A Severed Head is a 1970 British comedy-drama film directed by Dick Clement, and starring Claire Bloom, Lee Remick, Richard Attenborough, and Ian Holm. It is based on the 1961 novel of the same name by Iris Murdoch.

Opening credits
The highly unique credits features accurate dolls of each cast member in turn, rotating against a black background.

Plot
The story is set in and around London.

Antonia is the pampered wife of an upper class wine merchant Martin Lynch-Gibbon. She tells her husband that she is in love with their best friend psychiatrist Palmer Anderson. Palmer and Antonia wish to deal with the situation in a civilized manner by remaining friends with Martin.
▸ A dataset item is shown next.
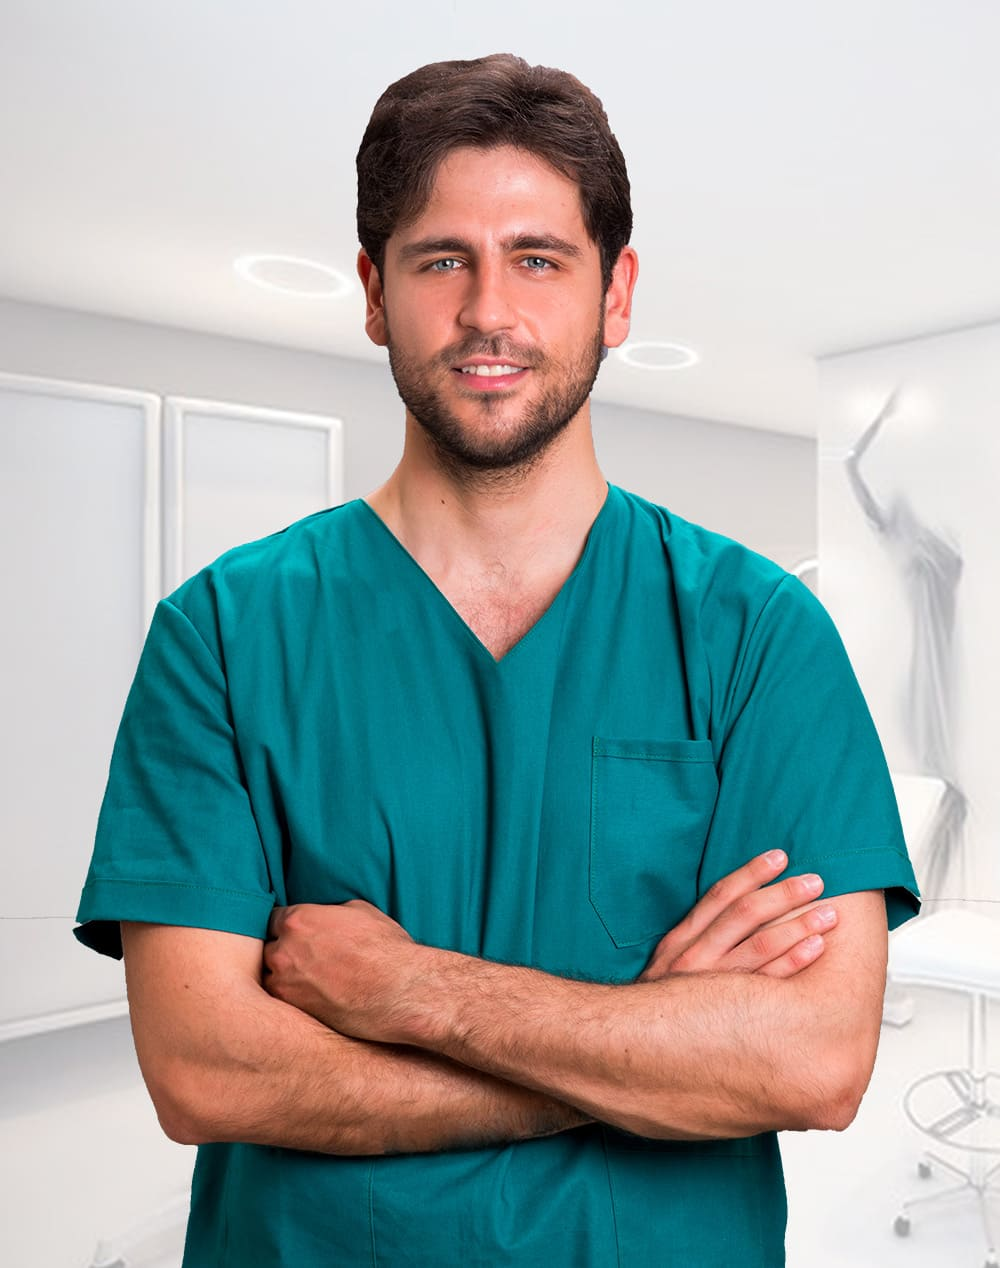 Dott. Davide Fattore Dermatologo Caserta

Meanwhile, Martin tries to keep his mistress, Georgie Hands, a secret.

Palmer's sister Honor Klein is met at a railway station by Martin instead of Palmer. Honor, who once taught Georgie at Oxford University, tells Palmer and Antonia about the affair between her former student and Martin. Honor then introduces Georgie to Martin's womanizing brother Alexander. This is just the start of the various liaisons.

Martin visits his sculptor brother Alexander who lives in a large suburban villa.

Georgie works with historic looms in the Royal College of Art in a room overlooking the Albert Memorial.

Martin, Antonia, Palmer and Georgie go for a posh meal together. Georgie can't stand the arrangement and runs off. Martin goes home, and Honor is at the dinner table eating fruit. She has an unsheathed samurai sword. She demonstrates her skill with the sword.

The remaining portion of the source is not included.